Go through the listing below and output exactly the line with "The Flash 4K", the line with "In 1984, Carmen", and each line between; omit the rest.

* _Records shown_:
◆ ◆ ◆ ◆

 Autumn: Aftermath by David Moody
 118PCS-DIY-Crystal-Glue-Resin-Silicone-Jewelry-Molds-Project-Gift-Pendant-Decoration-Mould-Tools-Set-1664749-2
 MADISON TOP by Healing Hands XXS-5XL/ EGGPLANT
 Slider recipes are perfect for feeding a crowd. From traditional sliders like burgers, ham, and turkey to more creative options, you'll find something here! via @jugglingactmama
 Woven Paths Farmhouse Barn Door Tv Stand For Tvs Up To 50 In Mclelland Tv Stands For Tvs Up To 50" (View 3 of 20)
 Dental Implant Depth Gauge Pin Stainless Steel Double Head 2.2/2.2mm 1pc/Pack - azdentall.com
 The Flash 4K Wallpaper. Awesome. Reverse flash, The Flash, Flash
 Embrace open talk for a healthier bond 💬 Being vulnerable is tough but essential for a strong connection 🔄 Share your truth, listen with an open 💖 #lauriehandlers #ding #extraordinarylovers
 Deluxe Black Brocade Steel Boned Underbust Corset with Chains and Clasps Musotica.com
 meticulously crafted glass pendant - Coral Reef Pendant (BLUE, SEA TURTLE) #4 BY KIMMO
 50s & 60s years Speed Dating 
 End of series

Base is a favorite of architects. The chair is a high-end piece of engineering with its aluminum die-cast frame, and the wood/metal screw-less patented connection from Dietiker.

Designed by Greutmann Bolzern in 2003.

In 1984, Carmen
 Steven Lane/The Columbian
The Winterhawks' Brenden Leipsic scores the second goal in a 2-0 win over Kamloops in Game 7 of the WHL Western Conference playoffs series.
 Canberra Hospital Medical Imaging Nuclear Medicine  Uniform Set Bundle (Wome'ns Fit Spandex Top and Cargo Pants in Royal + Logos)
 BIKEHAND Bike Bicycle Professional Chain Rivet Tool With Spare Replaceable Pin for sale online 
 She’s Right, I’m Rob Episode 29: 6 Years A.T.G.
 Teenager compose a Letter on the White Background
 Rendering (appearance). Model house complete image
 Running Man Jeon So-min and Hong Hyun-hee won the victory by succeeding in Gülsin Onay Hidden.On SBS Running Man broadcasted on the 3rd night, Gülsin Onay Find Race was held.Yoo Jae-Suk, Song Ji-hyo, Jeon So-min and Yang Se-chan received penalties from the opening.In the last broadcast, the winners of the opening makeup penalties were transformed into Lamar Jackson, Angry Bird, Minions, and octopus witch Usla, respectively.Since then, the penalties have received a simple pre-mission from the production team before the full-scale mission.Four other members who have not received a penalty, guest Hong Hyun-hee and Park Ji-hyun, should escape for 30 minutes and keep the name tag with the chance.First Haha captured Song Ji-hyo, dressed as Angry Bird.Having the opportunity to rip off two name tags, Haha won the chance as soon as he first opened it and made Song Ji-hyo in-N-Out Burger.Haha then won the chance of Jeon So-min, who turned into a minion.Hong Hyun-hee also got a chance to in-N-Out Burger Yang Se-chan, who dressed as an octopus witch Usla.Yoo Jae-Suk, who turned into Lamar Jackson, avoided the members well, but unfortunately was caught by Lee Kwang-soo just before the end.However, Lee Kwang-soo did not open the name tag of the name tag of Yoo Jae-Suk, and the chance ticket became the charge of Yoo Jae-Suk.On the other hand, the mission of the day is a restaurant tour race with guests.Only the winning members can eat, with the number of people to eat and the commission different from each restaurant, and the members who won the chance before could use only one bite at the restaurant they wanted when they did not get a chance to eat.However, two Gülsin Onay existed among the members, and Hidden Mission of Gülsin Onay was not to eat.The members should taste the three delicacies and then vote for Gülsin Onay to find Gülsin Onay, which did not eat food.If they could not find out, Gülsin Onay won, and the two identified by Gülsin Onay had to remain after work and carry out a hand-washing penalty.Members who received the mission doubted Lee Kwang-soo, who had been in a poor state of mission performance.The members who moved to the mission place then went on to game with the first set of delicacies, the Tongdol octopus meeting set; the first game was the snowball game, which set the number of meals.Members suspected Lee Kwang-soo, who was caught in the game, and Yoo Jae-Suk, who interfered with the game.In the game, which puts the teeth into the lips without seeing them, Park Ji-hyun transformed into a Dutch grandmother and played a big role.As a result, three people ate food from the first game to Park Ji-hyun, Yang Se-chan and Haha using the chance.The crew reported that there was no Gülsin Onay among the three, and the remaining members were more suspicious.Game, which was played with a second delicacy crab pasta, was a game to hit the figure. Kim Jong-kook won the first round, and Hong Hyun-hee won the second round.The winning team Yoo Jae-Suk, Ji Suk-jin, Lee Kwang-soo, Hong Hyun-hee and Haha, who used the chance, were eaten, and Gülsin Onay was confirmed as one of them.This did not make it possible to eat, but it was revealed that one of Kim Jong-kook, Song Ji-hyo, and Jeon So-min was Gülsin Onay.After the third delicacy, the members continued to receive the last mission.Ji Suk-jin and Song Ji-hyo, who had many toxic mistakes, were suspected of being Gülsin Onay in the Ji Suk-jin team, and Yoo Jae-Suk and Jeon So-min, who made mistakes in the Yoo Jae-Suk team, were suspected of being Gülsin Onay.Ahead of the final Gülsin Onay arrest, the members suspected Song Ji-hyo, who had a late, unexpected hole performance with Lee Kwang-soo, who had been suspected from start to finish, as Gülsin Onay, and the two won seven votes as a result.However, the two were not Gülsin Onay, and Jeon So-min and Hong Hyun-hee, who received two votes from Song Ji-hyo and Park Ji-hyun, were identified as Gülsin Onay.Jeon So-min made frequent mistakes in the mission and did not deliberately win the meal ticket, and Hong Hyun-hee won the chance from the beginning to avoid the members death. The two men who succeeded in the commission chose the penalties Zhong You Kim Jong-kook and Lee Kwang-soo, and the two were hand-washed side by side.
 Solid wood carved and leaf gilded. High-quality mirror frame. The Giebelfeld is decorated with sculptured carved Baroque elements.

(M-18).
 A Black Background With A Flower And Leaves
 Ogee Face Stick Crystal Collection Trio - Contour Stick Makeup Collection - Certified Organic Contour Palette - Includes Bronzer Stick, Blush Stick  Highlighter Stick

◆ ◆ ◆ ◆

* _Answer box_:
 The Flash 4K Wallpaper. Awesome. Reverse flash, The Flash, Flash
 Embrace open talk for a healthier bond 💬 Being vulnerable is tough but essential for a strong connection 🔄 Share your truth, listen with an open 💖 #lauriehandlers #ding #extraordinarylovers
 Deluxe Black Brocade Steel Boned Underbust Corset with Chains and Clasps Musotica.com
 meticulously crafted glass pendant - Coral Reef Pendant (BLUE, SEA TURTLE) #4 BY KIMMO
 50s & 60s years Speed Dating 
 End of series

Base is a favorite of architects. The chair is a high-end piece of engineering with its aluminum die-cast frame, and the wood/metal screw-less patented connection from Dietiker.

Designed by Greutmann Bolzern in 2003.

In 1984, Carmen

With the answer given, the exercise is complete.